Yo, sin ir más lejos, cuando todo el mundo duerme, encuentro una concentración y una calma para trabajar que difícilmente podría encontrar durante el día. También es verdad que durante el día me siento más activo y las horas se aprovechan de otra manera, más integrado y en comunicación con el resto de la población despierta de mi entorno.

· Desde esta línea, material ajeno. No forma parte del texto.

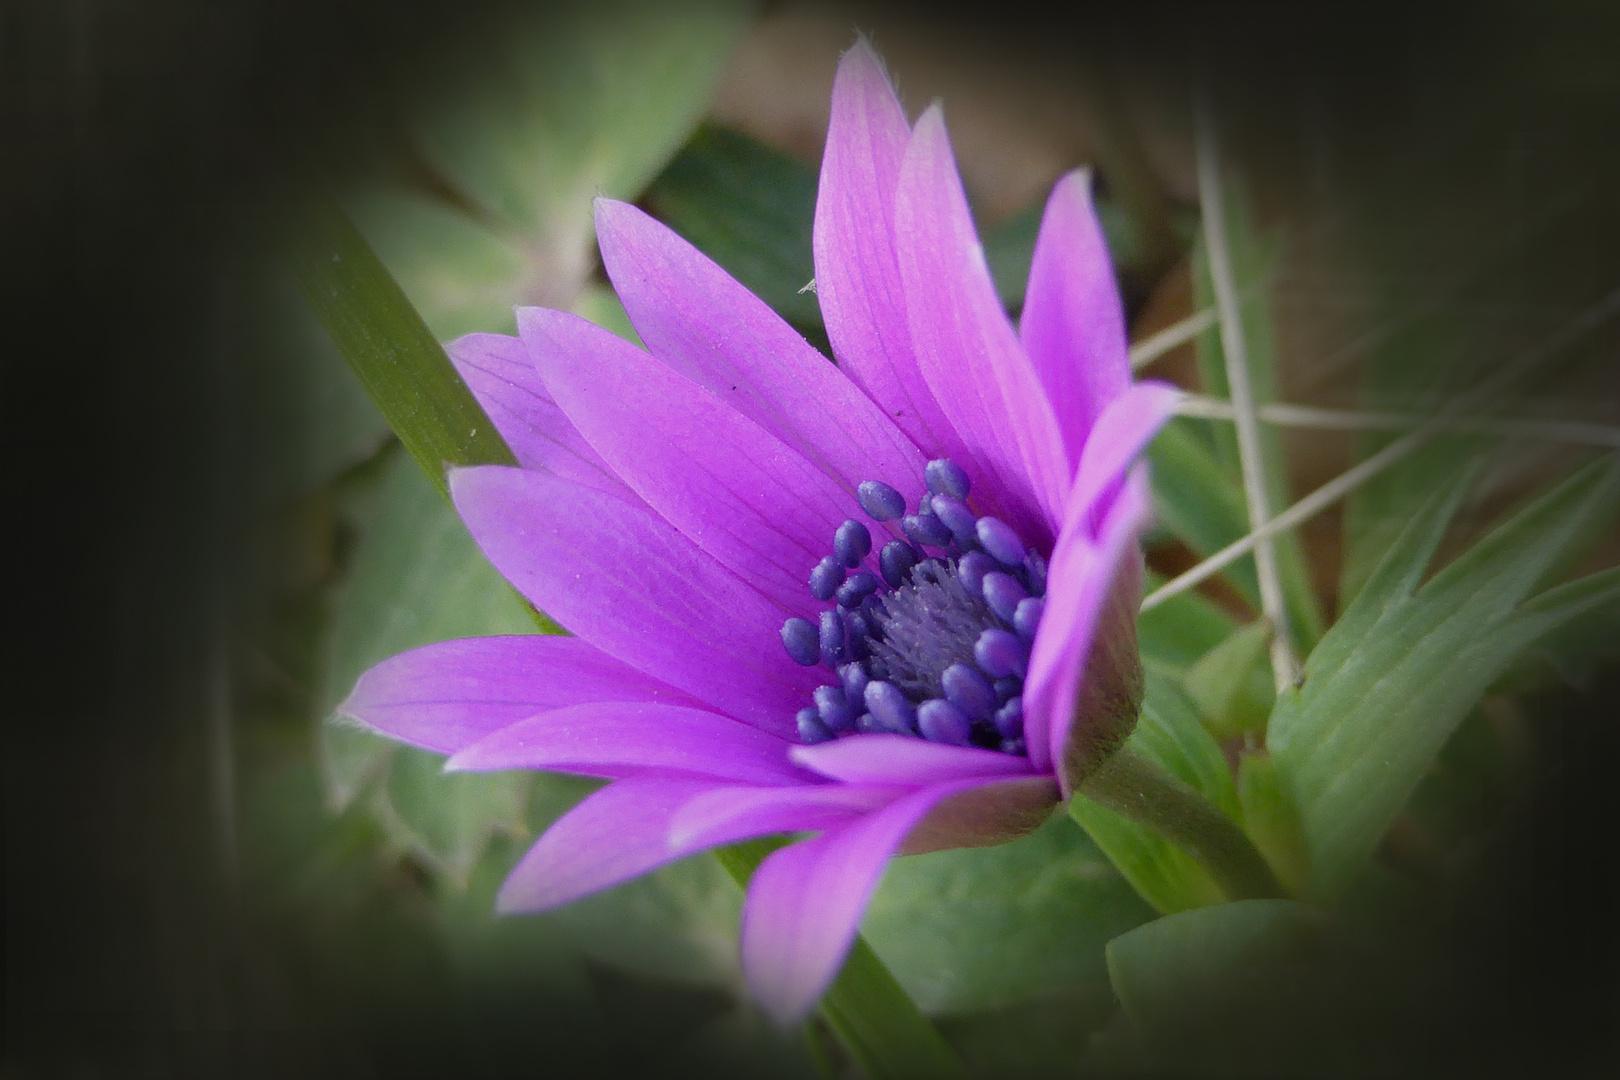 ...fiore di campo...
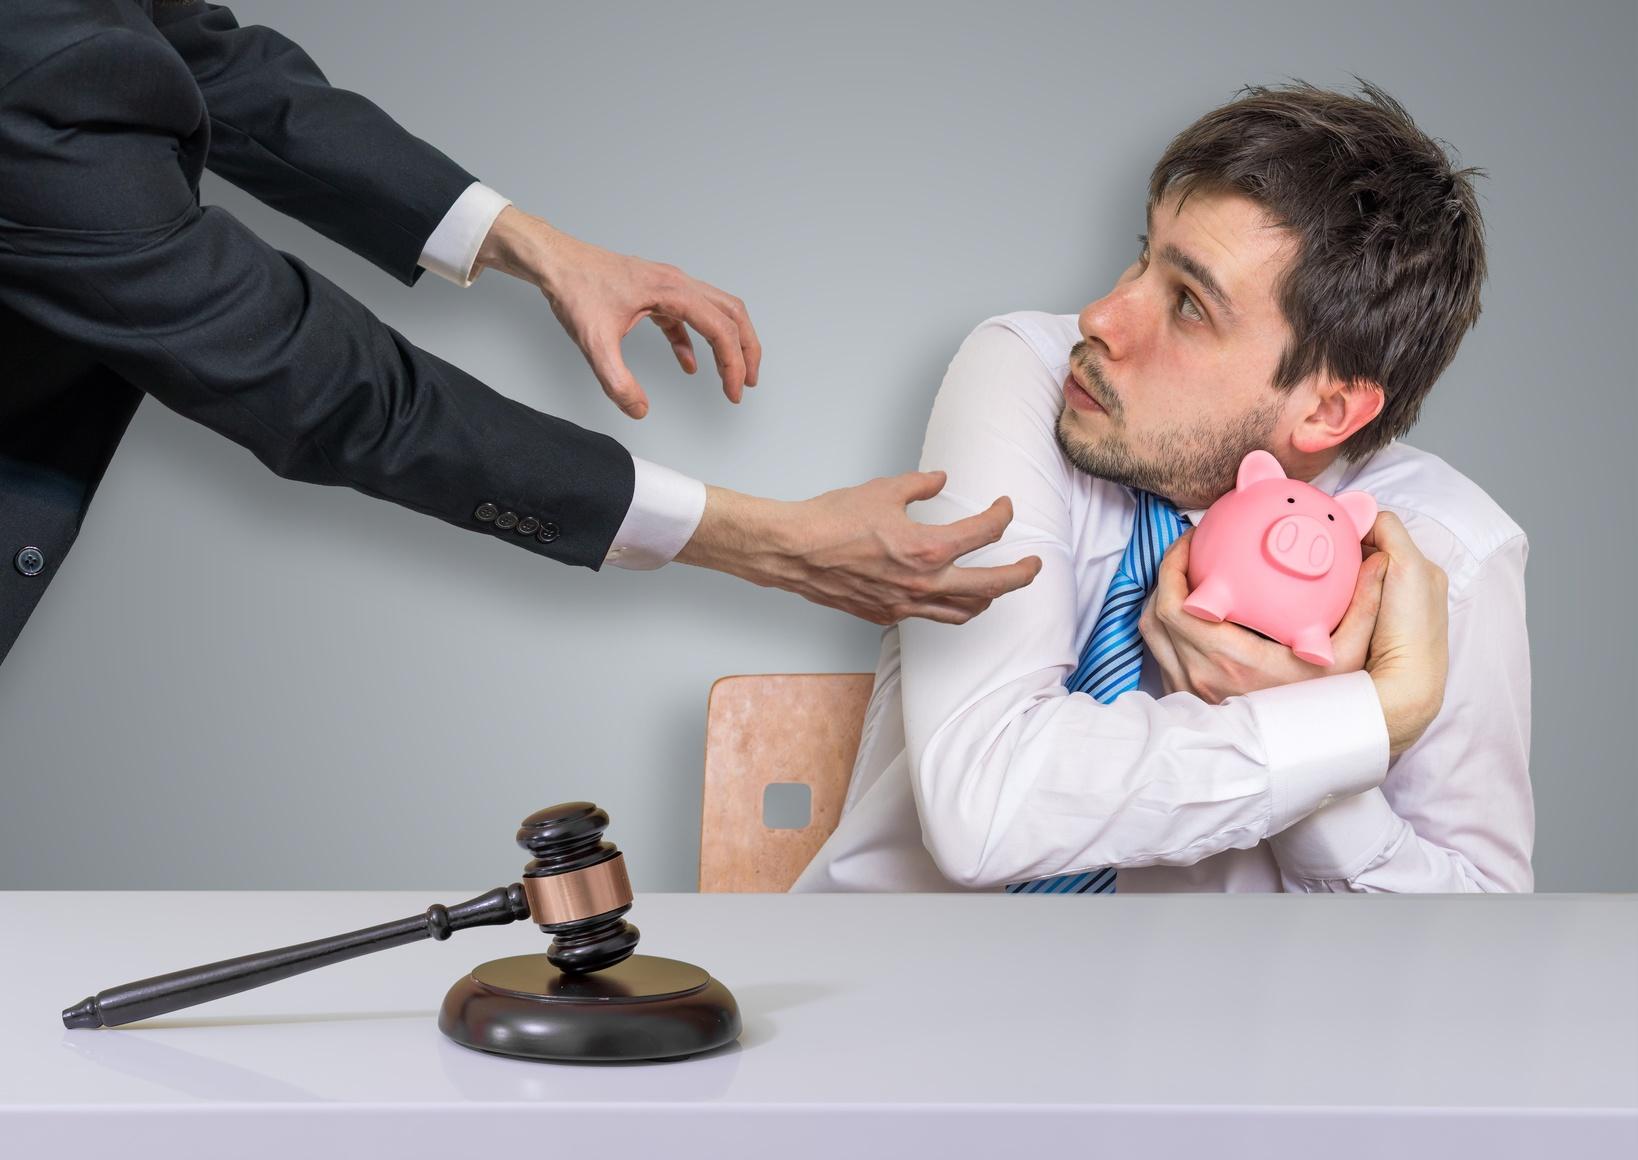 Jak odzyskać dług przed pójściem do sądu? Czy warto aby prawnik pisał wezwanie?

Escuchar las conversaciones del sol y la luna en el amanecer para empezar nos ayudaría a contemplar la despedida de la luna y la noche y la bienvenida del sol en el nuevo día: esto es una de las experiencias más gratificantes que conozco. Las mejores sesiones de running que he hecho han sido al amanecer, siendo testigo de cómo se despierta y se pone en marcha el día y la ciudad entera. El amanecer es una fuente de inspiración e iluminación creativa bastante positiva, si miro hacia atrás en mi vida.

El amanecer nos acerca al sol, que nos otorga su luz con poder diurno para comernos el nuevo día.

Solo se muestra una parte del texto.